§ **Exercise brief**:
Look through the data below and output, unchanged, every line from the one holding "understanding hyperthyroid disease" through the one holding "Часы Seiko 5", inclusive. Skip the pictures.

§ **Material for this exercise**:
::::

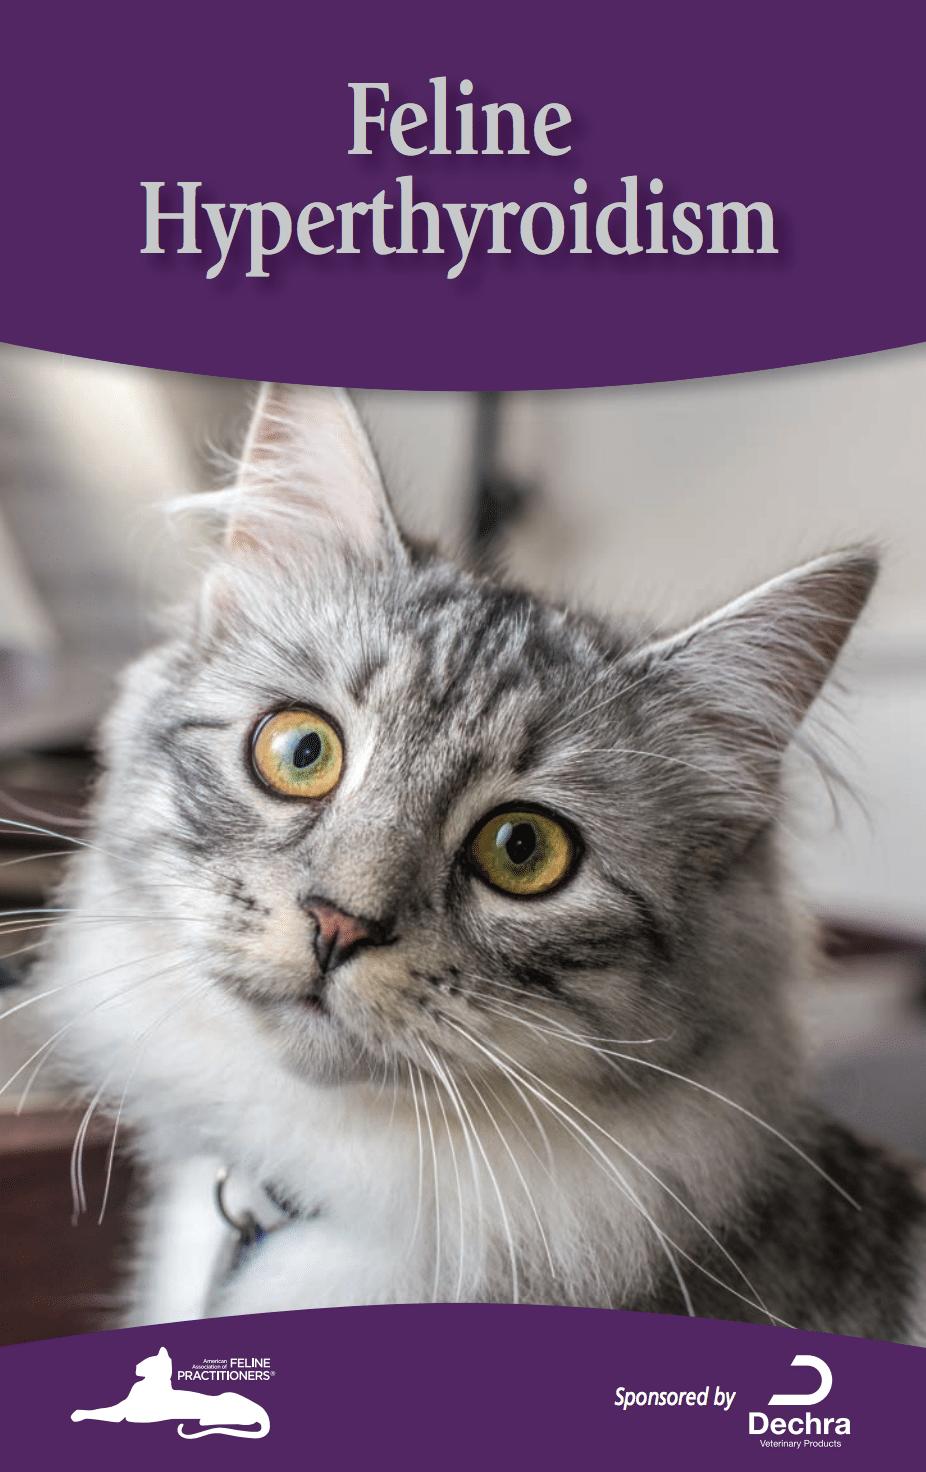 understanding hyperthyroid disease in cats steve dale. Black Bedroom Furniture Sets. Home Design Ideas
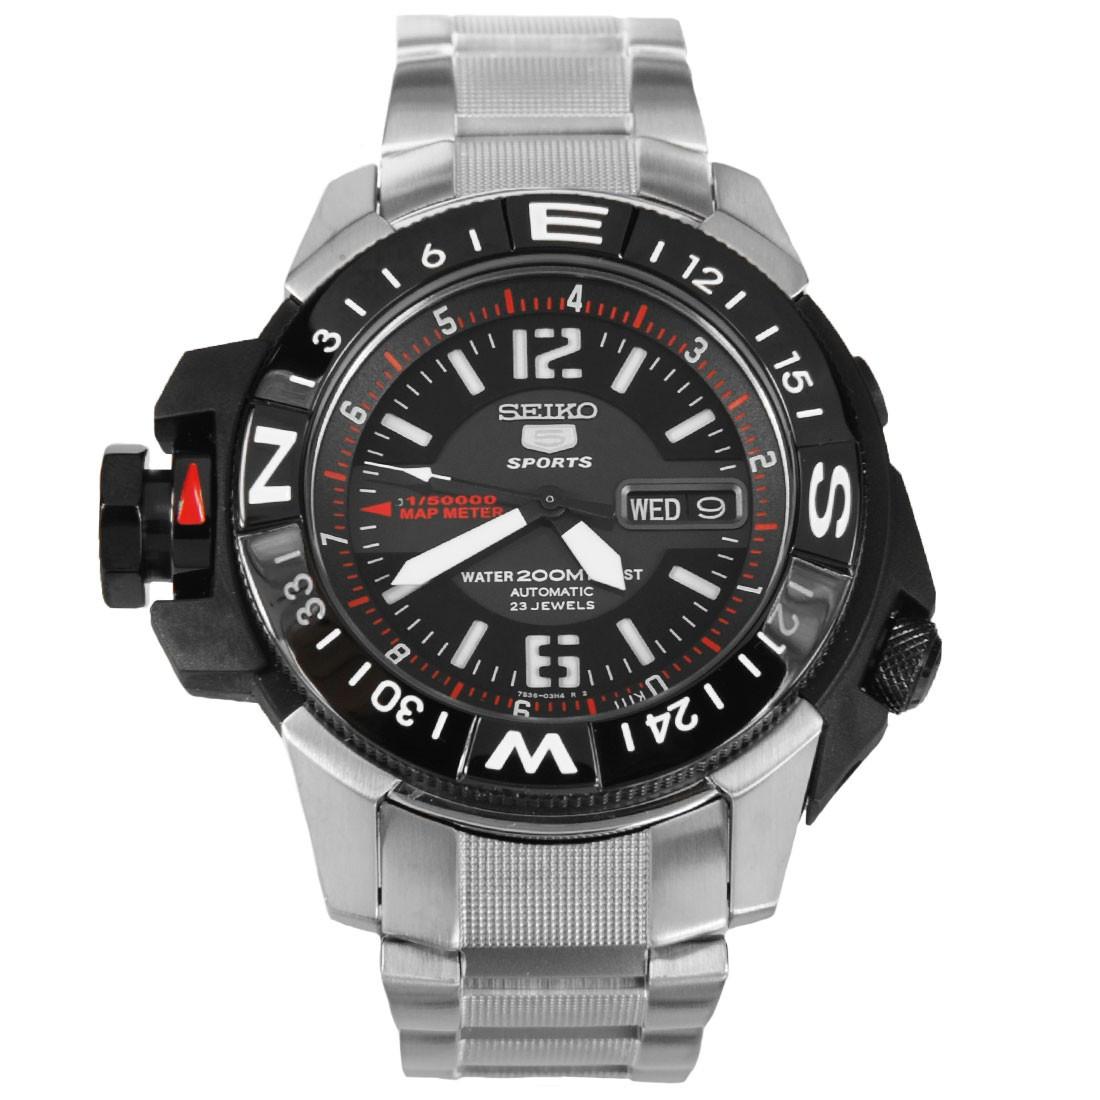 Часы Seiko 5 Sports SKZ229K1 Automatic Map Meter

::::

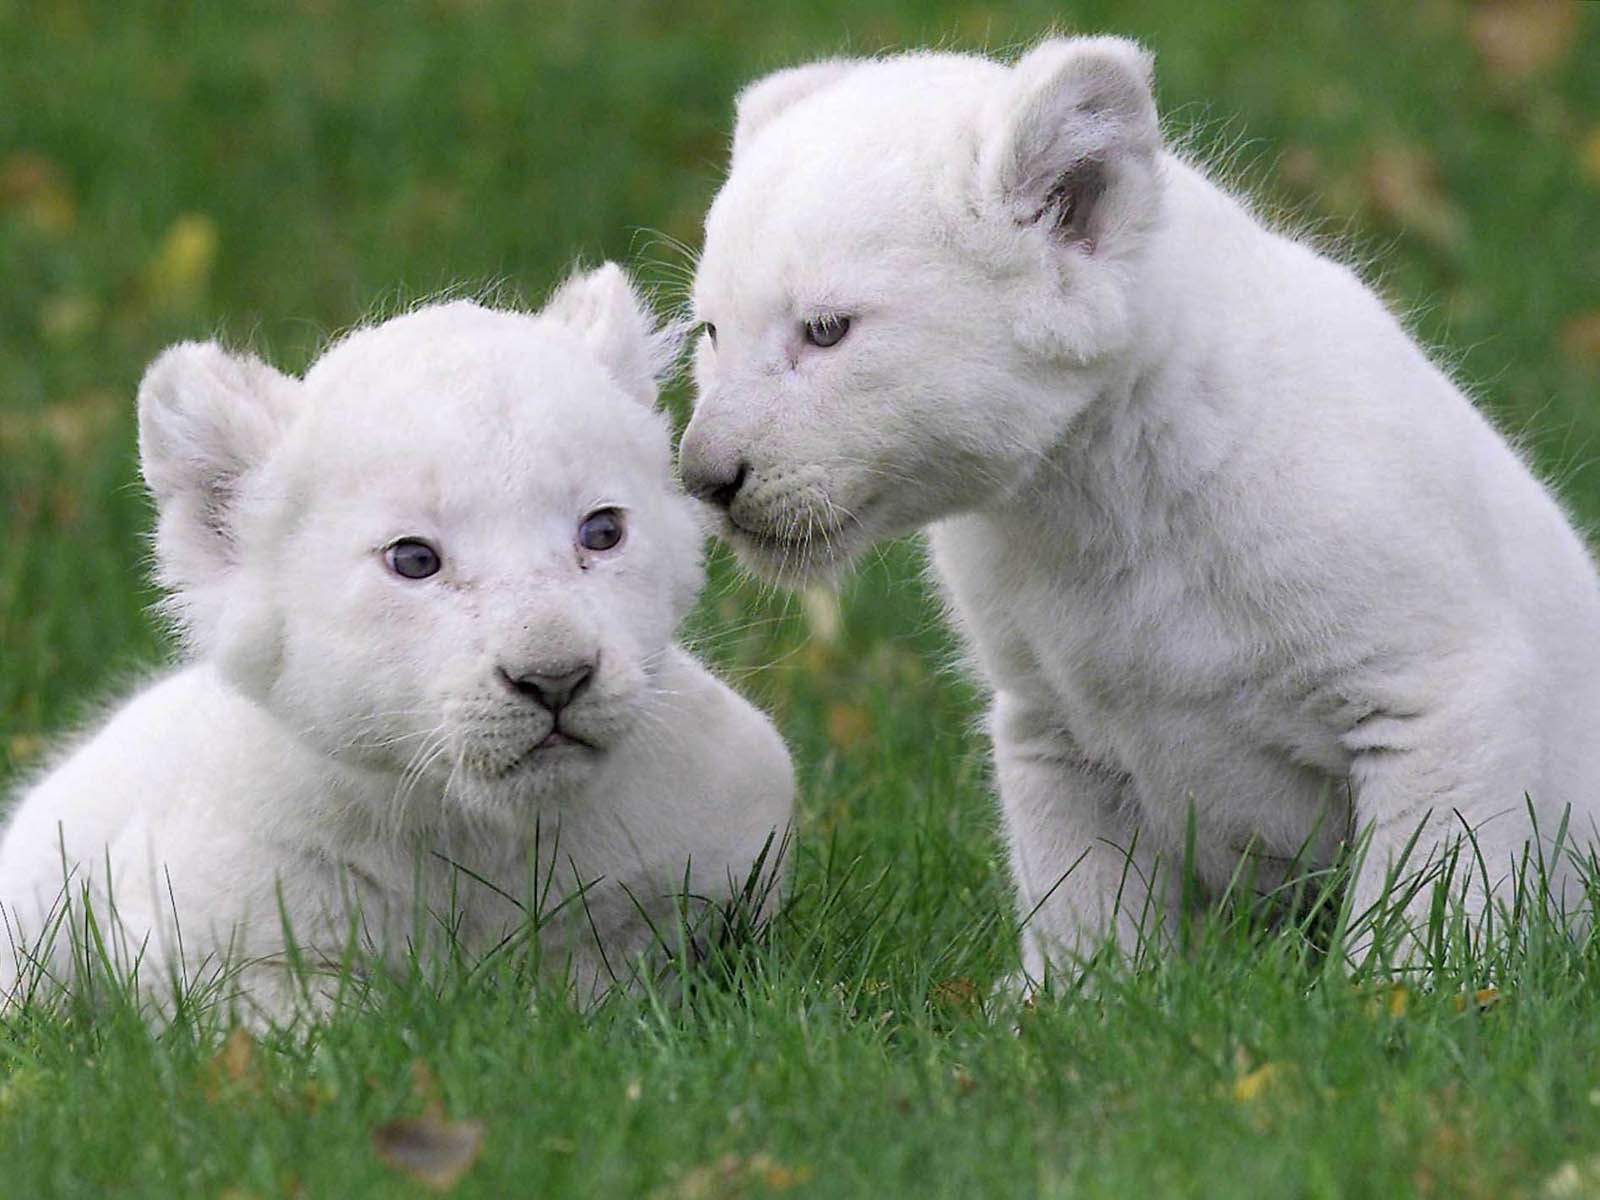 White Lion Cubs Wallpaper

::::

§ **Response area**:
 understanding hyperthyroid disease in cats steve dale. Black Bedroom Furniture Sets. Home Design Ideas
 Часы Seiko 5 Sports SKZ229K1 Automatic Map Meter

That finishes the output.